Cet investissement a principalement servi au soutien des secteurs
agroalimentaire, de la production, de l’immobilier/tourisme et des
télécommunications en dehors des grands centres urbains, la part
des petits prêts (5 millions d’euros ou moins par prêt) étant de
plus en plus importante (environ un tiers du total).

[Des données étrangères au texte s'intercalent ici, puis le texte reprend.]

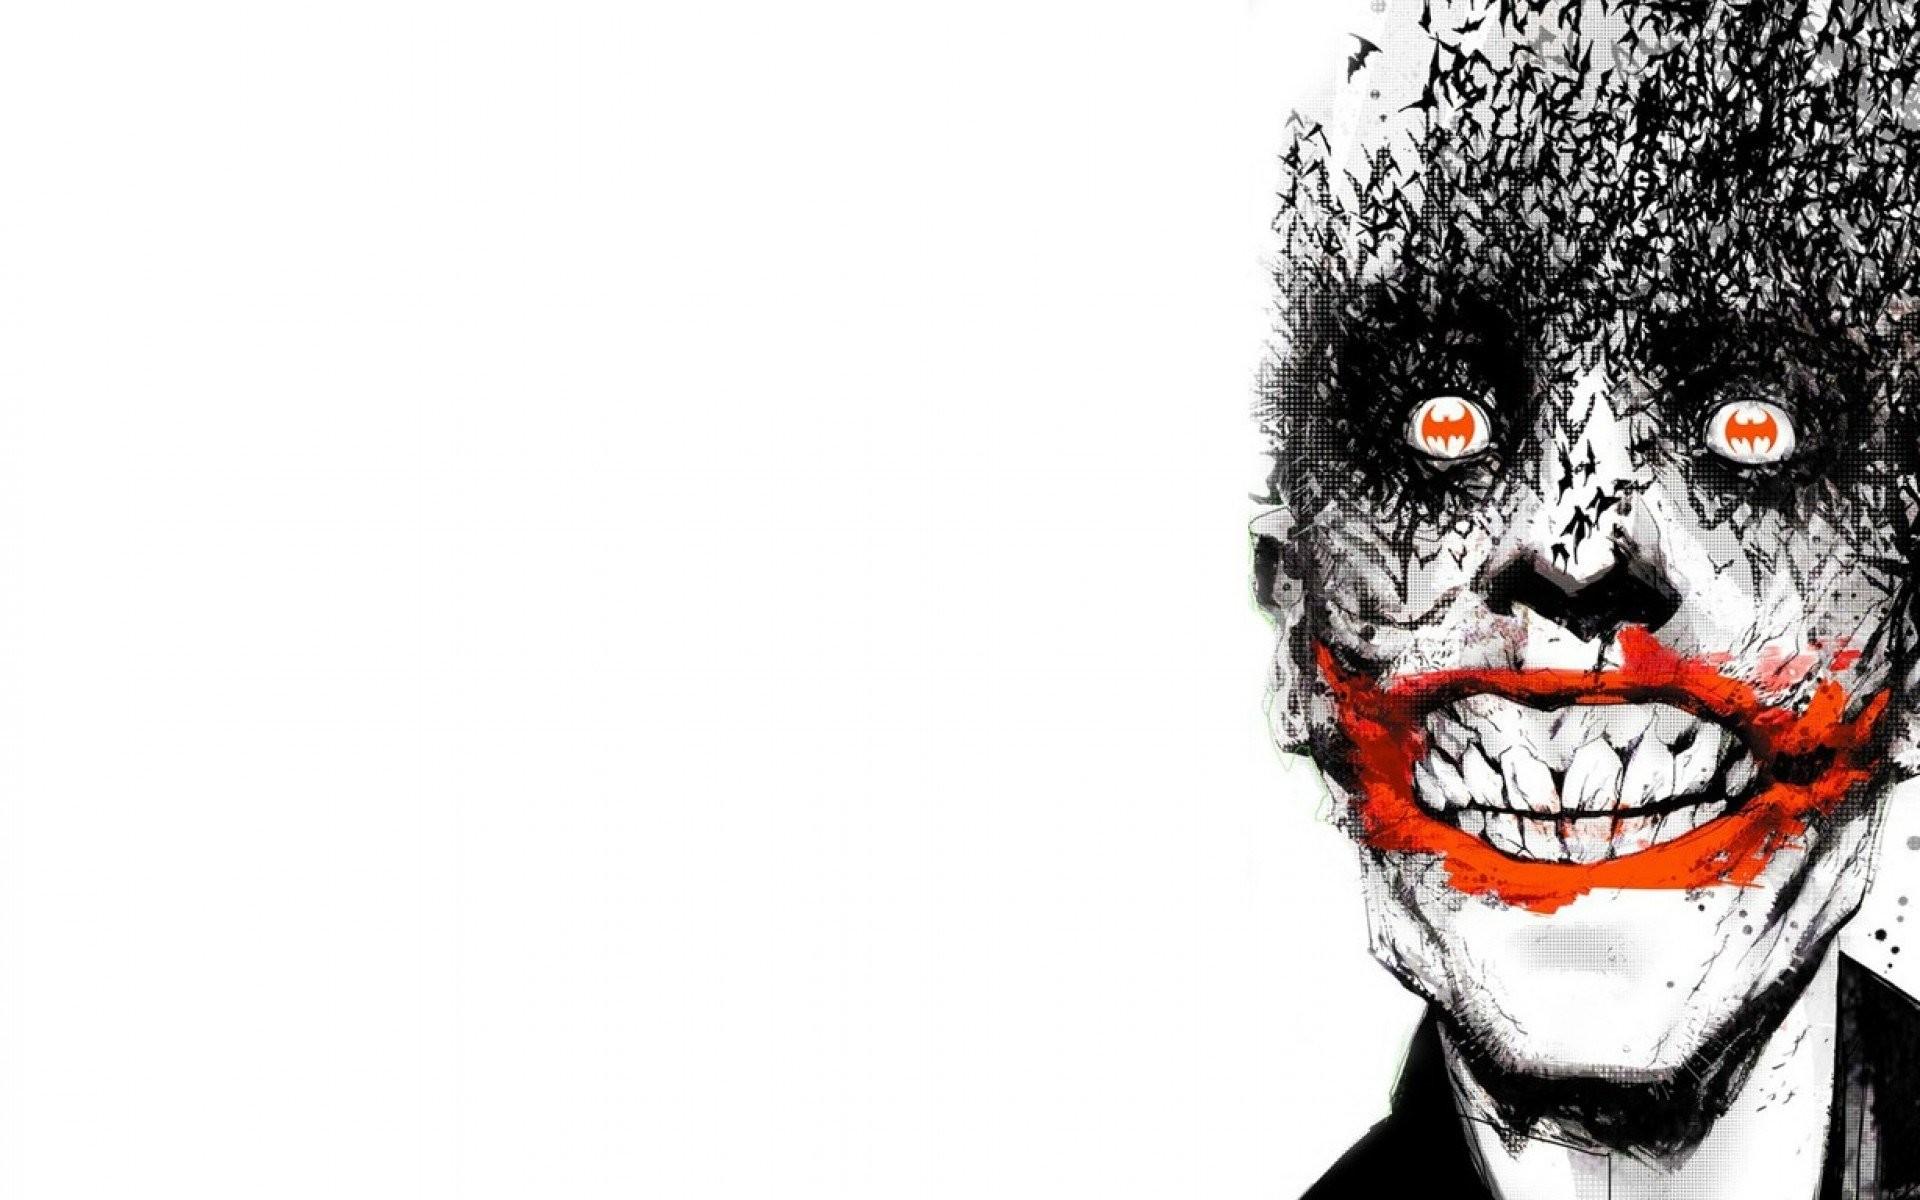 Batman And The Joker Wallpapers HD Desktop Background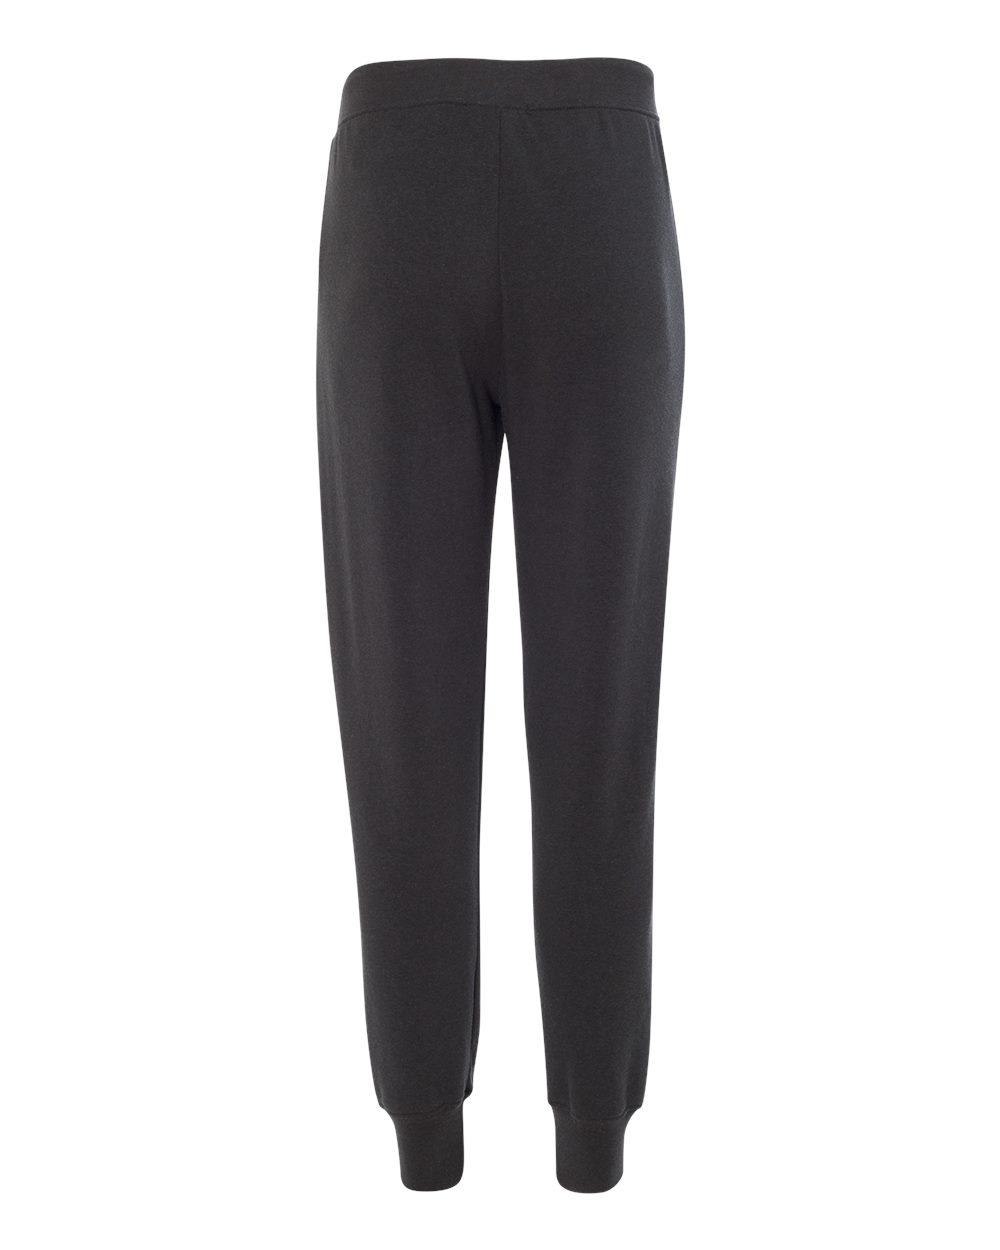 Alternative-Mens-Eco-Fleece-Dodgeball-Pants-Sweatpants-Pocket-9881-up-to-2XL thumbnail 16

63. Même si les perspectives de croissance demeurent fortes, l’économie
russe semble en butte à des contraintes de capacité et les Russes
sont de plus en plus préoccupés par la corruption et une dégradation des
services sociaux. Le Rapport sur la transition de 2006 de la BERD
identifie une série de défis que la Fédération de Russie doit relever
pour avancer vers l’autonomie, et une croissance économique tirée
par l’investissement et l’innovation: améliorer le climat des investissements
en faisant progresser la réforme des institutions publiques, lutter
contre la corruption, réduire les obstacles administratifs et bureaucratiques
et clarifier le rôle des investissements étrangers dans les secteurs
stratégiques; équilibrer la consolidation des industries et le rôle
des organismes d’Etat, d’une part, et le besoin de maintenir un
régime commercial et d’investissements étrangers ouverts et fondés
sur des règles, d’autre part; et veiller à ce que les marchés intérieurs
soient compétitifs; enfin, poursuivre les efforts pour réduire l’inflation
en contenant l’expansion budgétaire et en permettant une plus grande
flexibilité des taux de change.
64. La Fédération de Russie demeure l’un des principaux pays cibles
pour les investissements de la BERD. Conformément à sa nouvelle
stratégie par pays pour la Fédération de Russie, approuvée en juillet
2006, la BERD cherche notamment, par ses activités, à réduire la
dépendance du pays à l’égard des ressources naturelles, à améliorer
et à renforcer les normes de gouvernance d’entreprise, à faciliter
le développement des PME, à moderniser les infrastructures russes
et à promouvoir l’intermédiation financière, en particulier dans les
régions. Outre ses bureaux régionaux existants à Moscou, Saint-Pétersbourg,
Ekaterinbourg et Vladivostok, la BERD ouvre actuellement de nouvelles
antennes à Rostov, Samara et Krasnoïarsk. Au cours de l’assemblée
annuelle de la BERD et du Forum économique qui se sont déroulés
à Kazan les 20 et 21 mai 2007, les autorités russes ont annoncé
une décision capitale: l’établissement d’une banque russe de développement,
dotée d’environ 2 milliards de dollars provenant du Fonds d’investissement
(lui-même financé par des ressources du Fonds de solidarité prioritaire
– FSP) et qui devrait, en principe, être opérationnel dans deux
ans. Le rapporteur espère que cette nouvelle institution travaillera
en complémentarité avec d’autres investisseurs institutionnels tels
que la BERD, en particulier pour le financement de projets d’infrastructure coûteux
et avec de longues périodes d’amortissement par le biais de partenariats
public-privé.
6.2. Ukraine
65. Comme la Fédération de Russie, l’Ukraine s’est rapprochée
d’une accession à l’Organisation mondiale du commerce (OMC) et a
déployé des efforts de réforme conséquents dans le secteur financier.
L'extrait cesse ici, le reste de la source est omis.